Frankly, game theorists both love and hate asymmetric gameplay. It is much harder to model because the rules and conditions can be so varied. But Tobold doesn't seem to quite grasp what asymmetric gameplay is entirely, and he certainly doesn't grasp how it can impact all gameplay in Eve.

The first error Tobold makes is in his understanding of the skill system. I am obviously a miner, I have over 17,000,000 skill points and the majority of them fall in non-combat skills. Even through I have been playing Eve for over a year I could be taken out by a pirate who has been playing the game for less that 4 months. If Tobold's thesis was correct then I should easily be in the awesome sandbox with the bullies after playing the game as long as I have with my skill points, but he forgot a fundamental point of the design of Eve.

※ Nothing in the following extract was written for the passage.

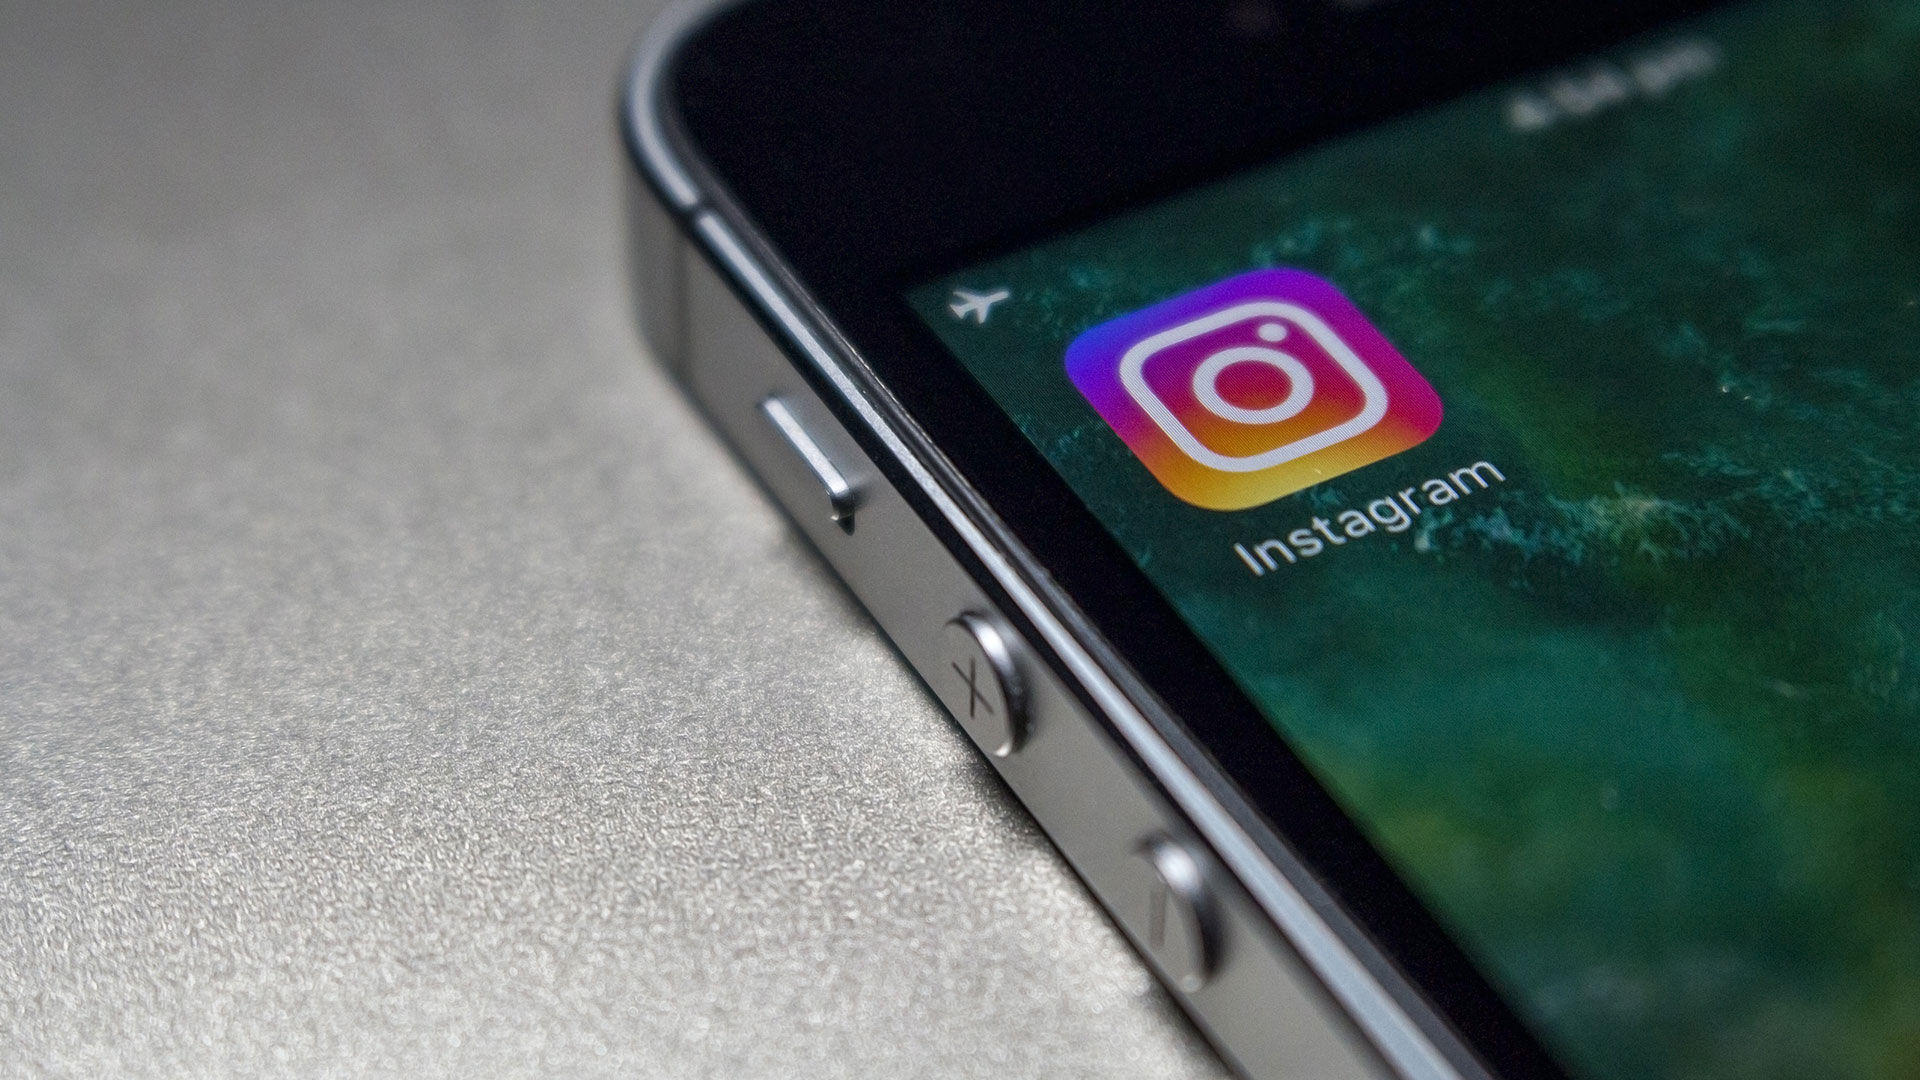 How to Remove an Instagram Account From Phone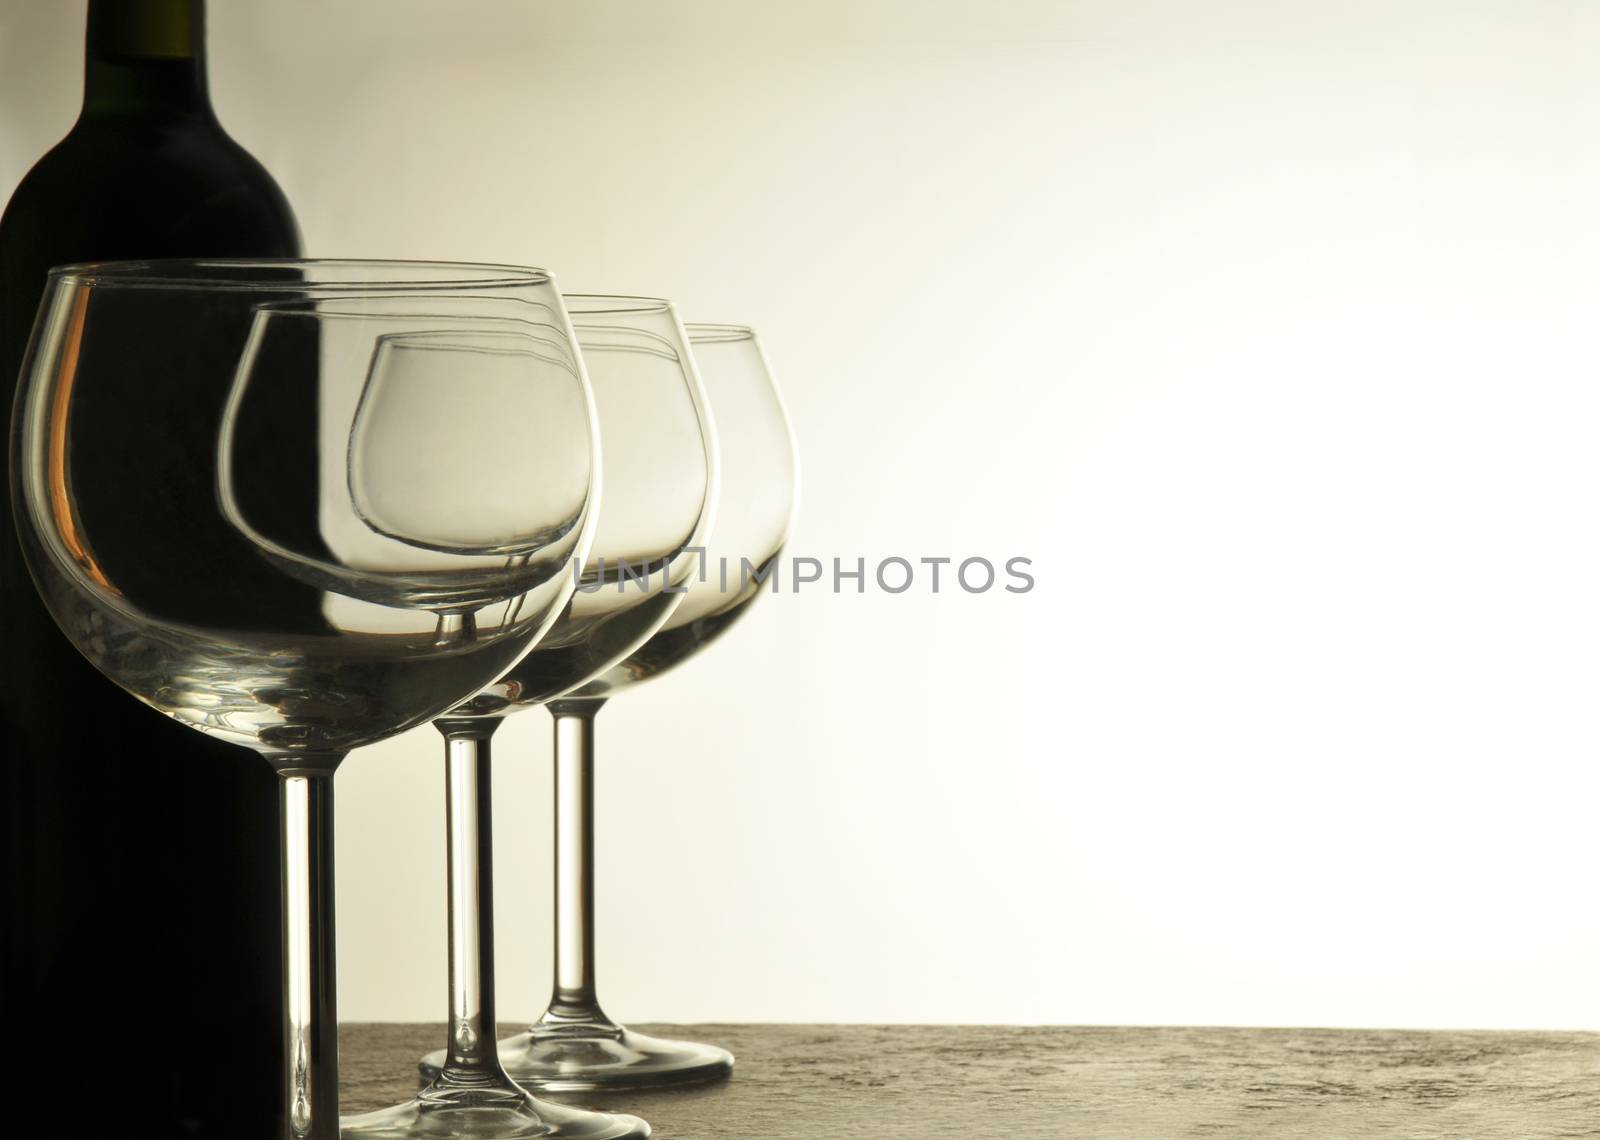 A row of Empty Wine Glasses with red wine bottle in silhouette behind horizontal format with warm light

There are so many skill paths and options that the game requires you to specialize. Unlike WoW where all characters of an equal class level and gear level have the same access (primarily) to spells and talents, Eve is based off the idea of having countless options. Skill points, which equates roughly to character age, has no bearing on player ability within a specific skill set.

The second huge mistake Tobold makes is in his understanding of the combat mechanics of the game. When I mentioned Eve was asymmetric I meant it, in countless ways. Every single ship you can fly in the game has benefits and weaknesses. I am not just talking about the fact that different ships are weak against different types of damage and if you don't know what charge your enemy is using it is hard to pick out hardeners. I mean that even through I may be flying a battle cruiser I could be in a tight spot in I get swarmed by a bunch of frigates who can beat my tracking speed.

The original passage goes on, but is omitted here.